— YOUR GOAL —
From the line containing "Francesca Woodman. Catalogo" to the line containing "Stylish Green Grey" in the records below, set down every line exactly as it stands, both ends included, and skip the pictures.

— RECORDS PROVIDED —
══════════

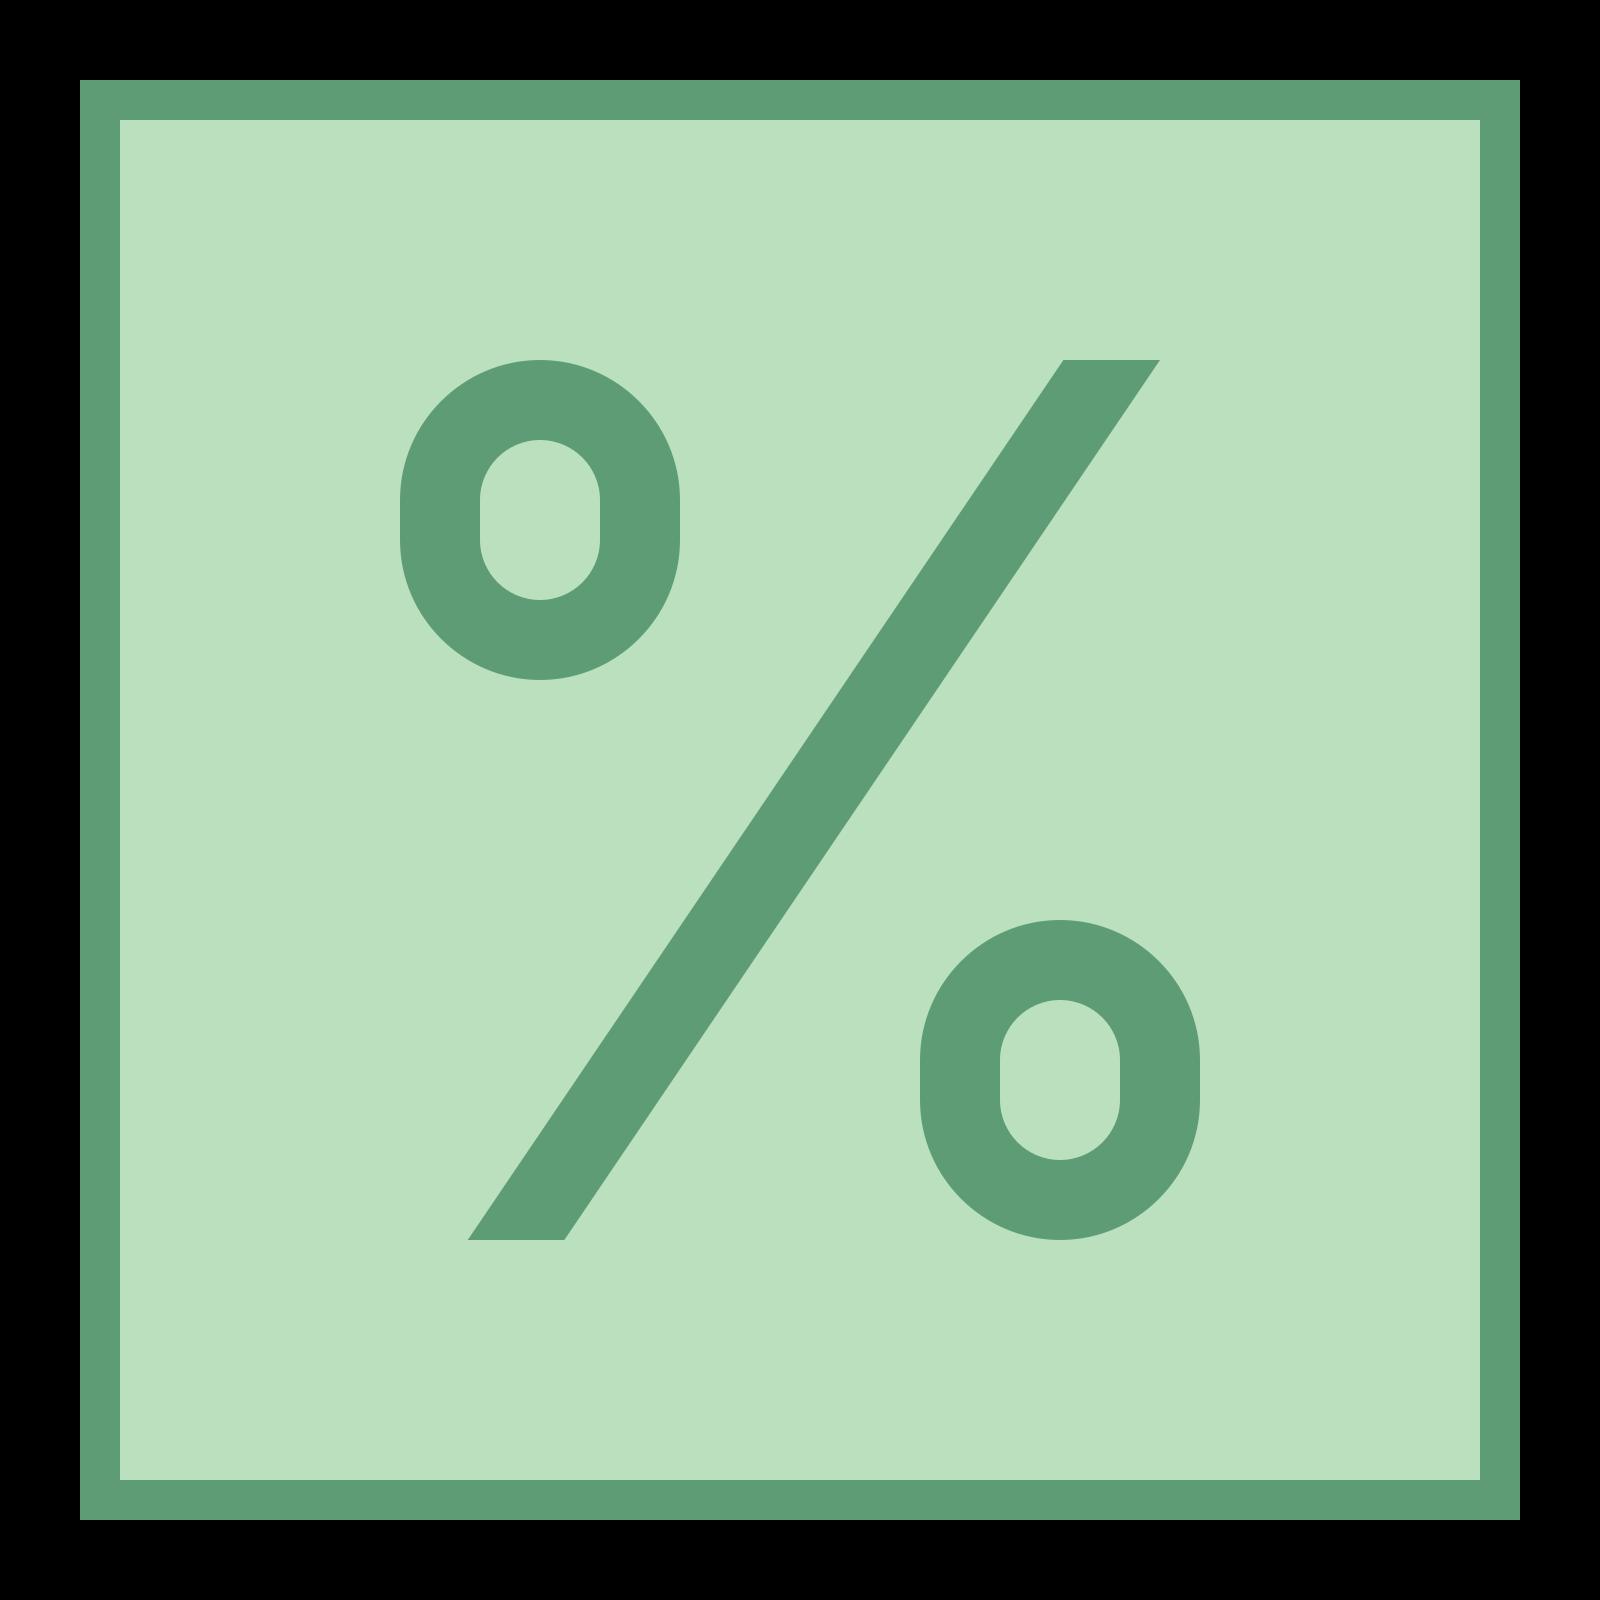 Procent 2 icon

══════════

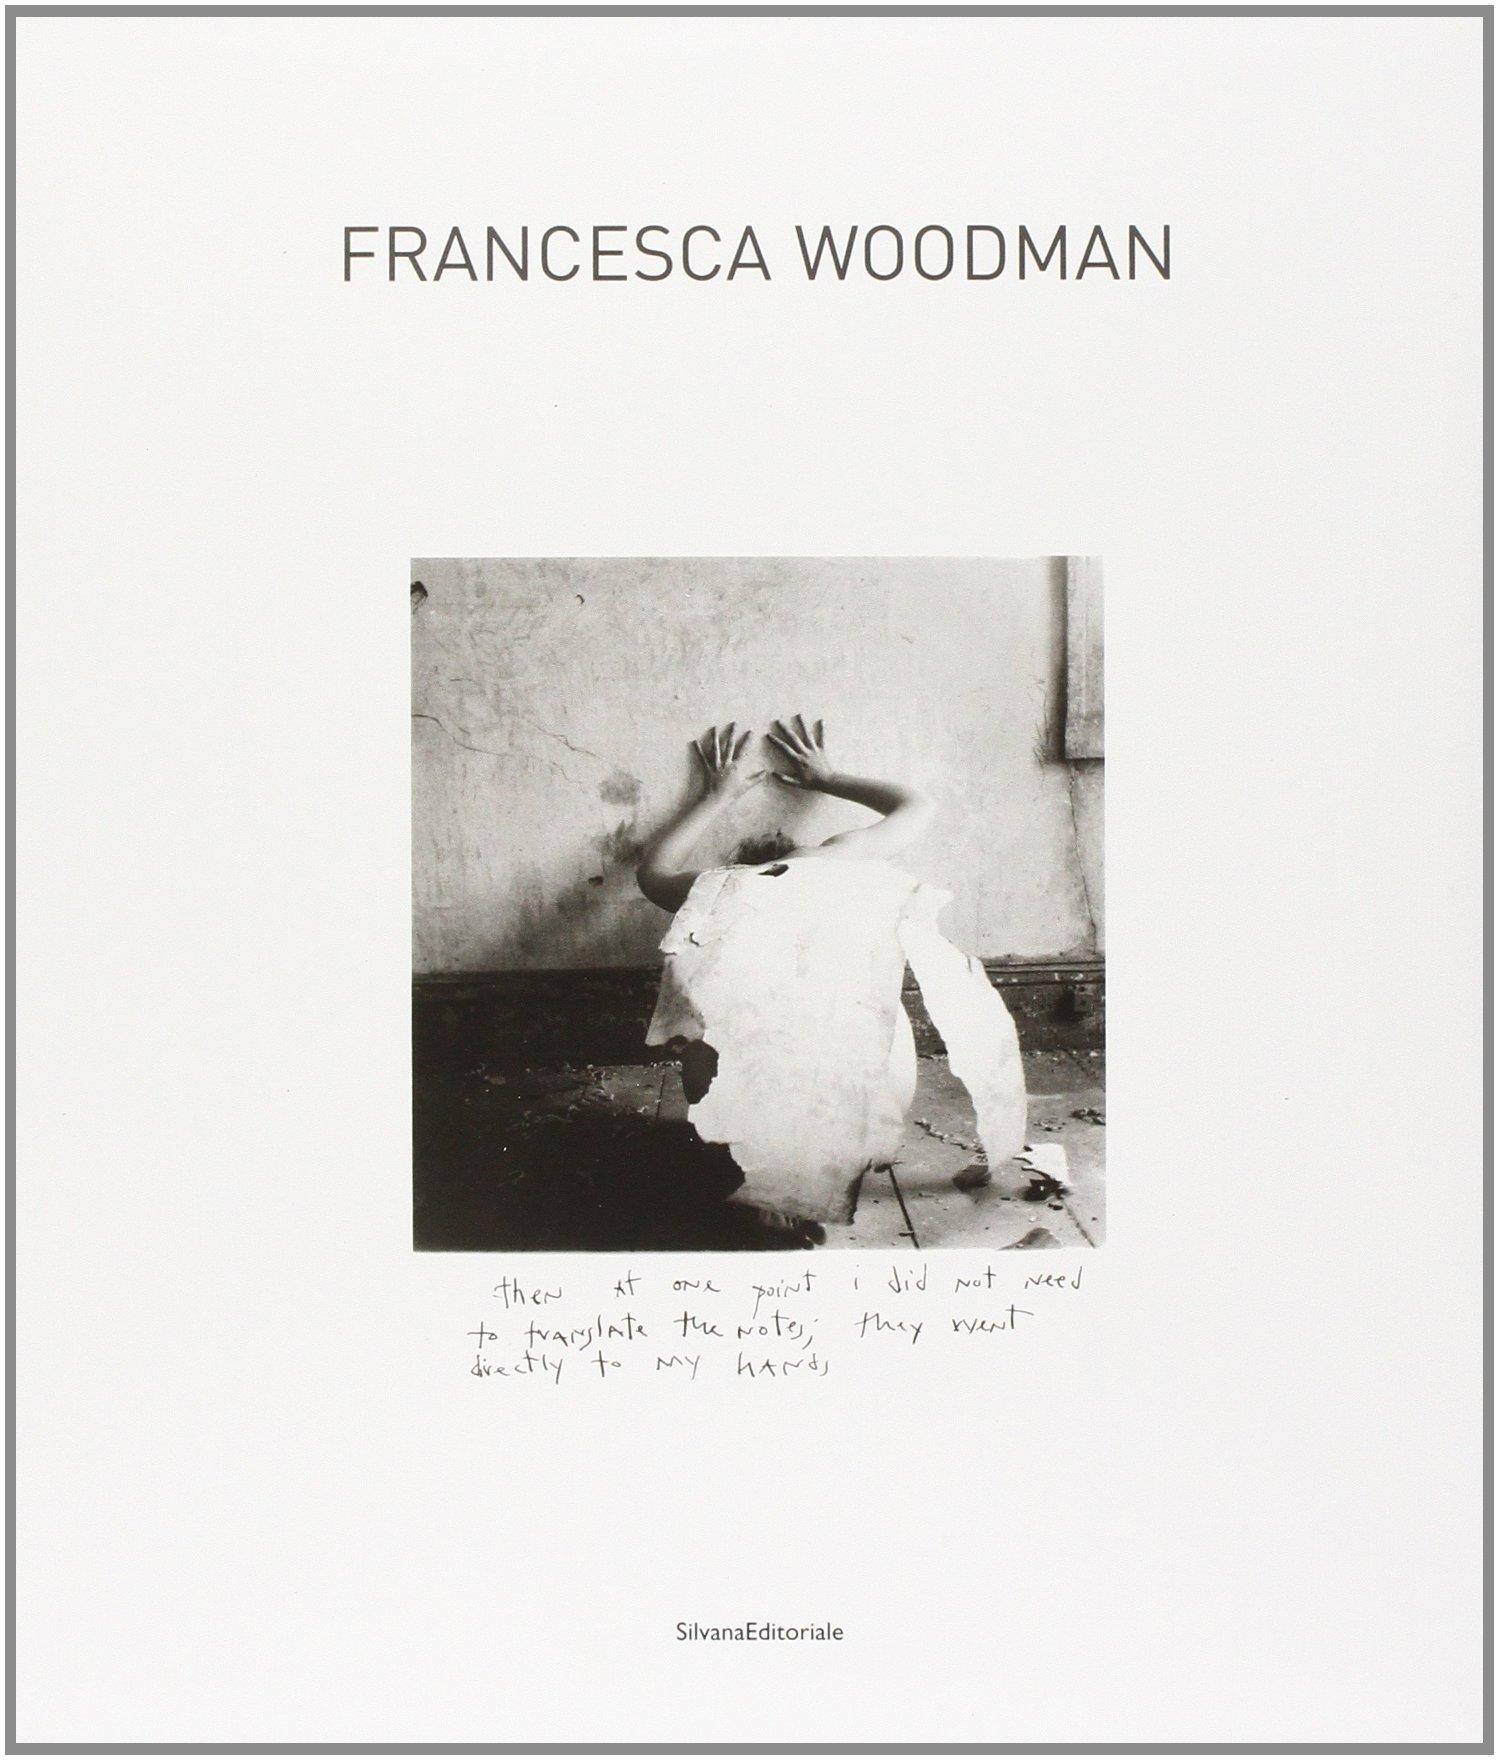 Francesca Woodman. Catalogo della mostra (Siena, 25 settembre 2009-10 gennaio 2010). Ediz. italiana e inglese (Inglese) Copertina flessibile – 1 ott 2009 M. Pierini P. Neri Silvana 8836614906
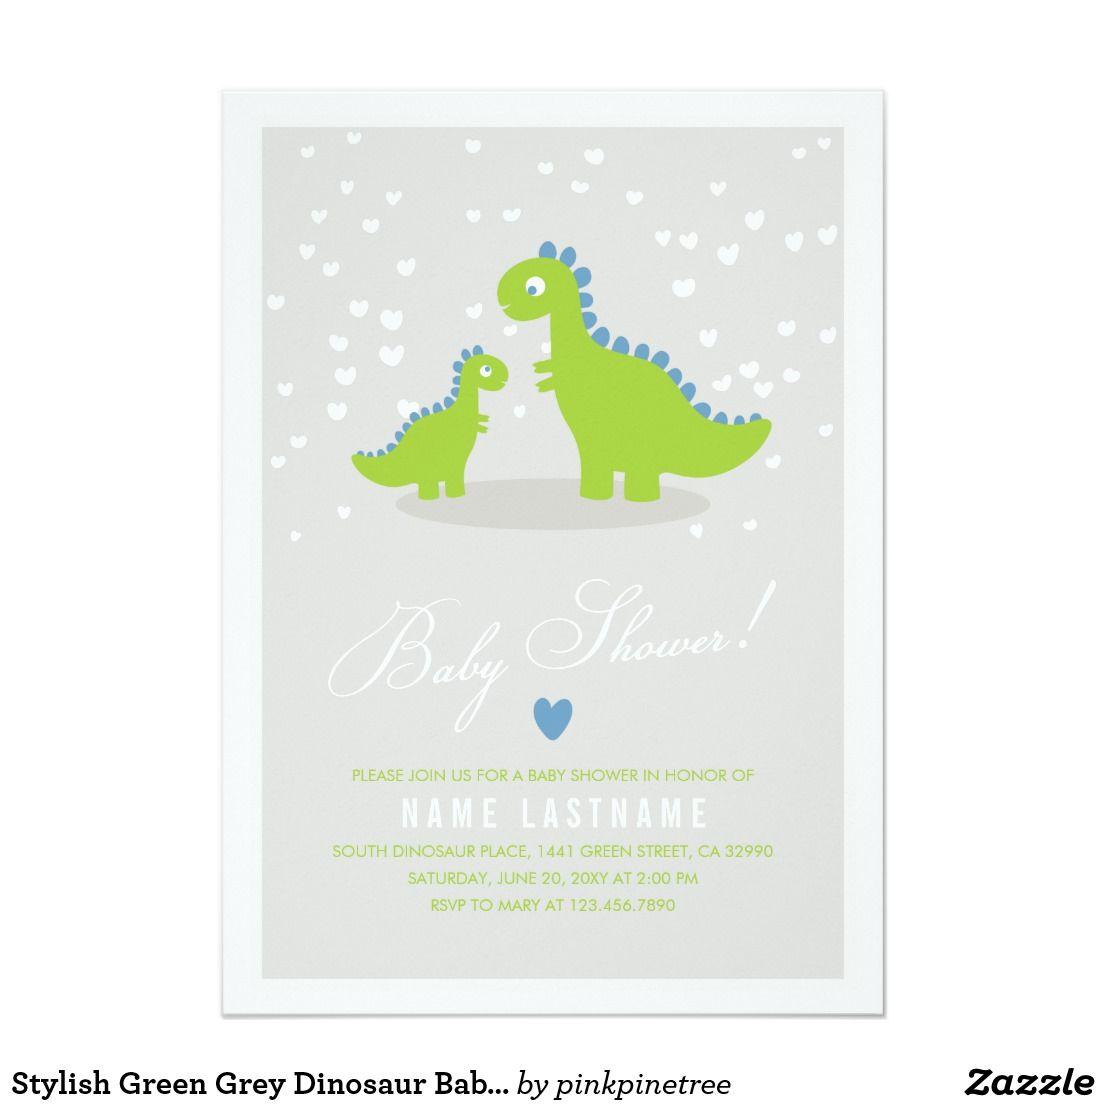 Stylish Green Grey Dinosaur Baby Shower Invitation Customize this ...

══════════

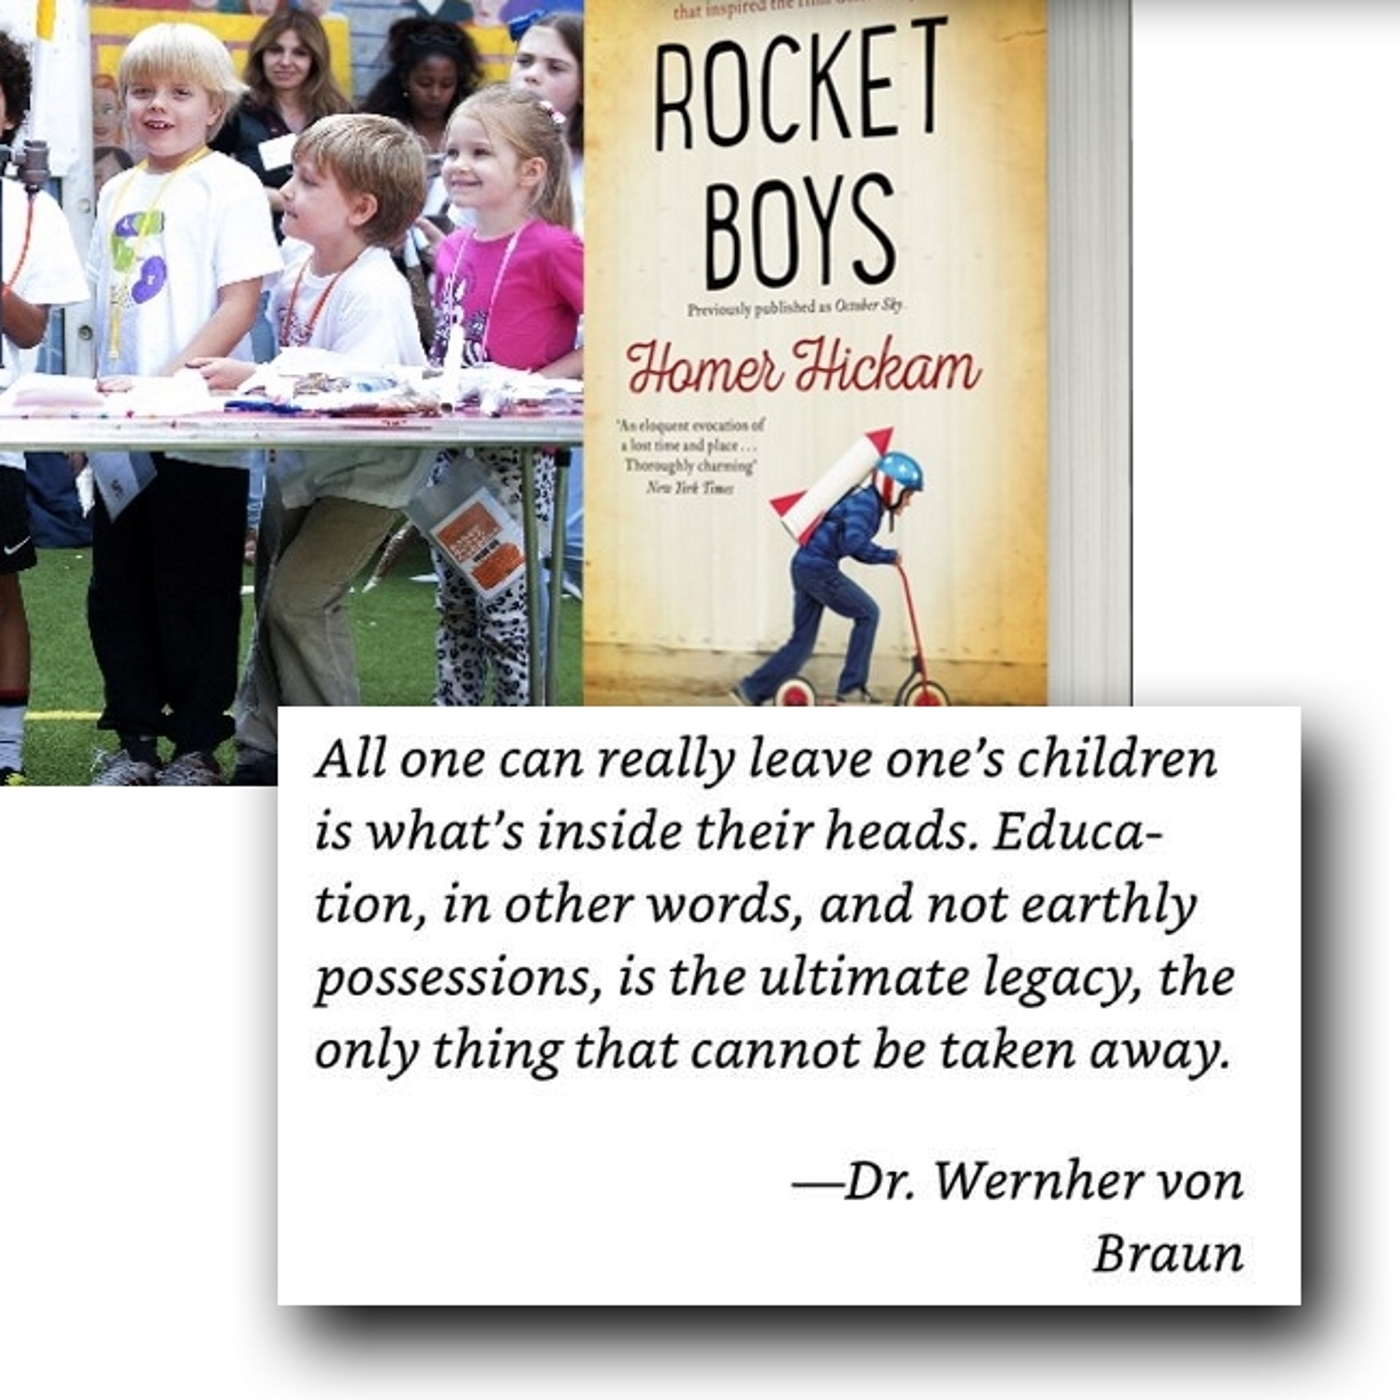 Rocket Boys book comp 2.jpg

══════════

— SOLUTION TO THIS PROBLEM —
 Francesca Woodman. Catalogo della mostra (Siena, 25 settembre 2009-10 gennaio 2010). Ediz. italiana e inglese (Inglese) Copertina flessibile – 1 ott 2009 M. Pierini P. Neri Silvana 8836614906
 Stylish Green Grey Dinosaur Baby Shower Invitation Customize this ...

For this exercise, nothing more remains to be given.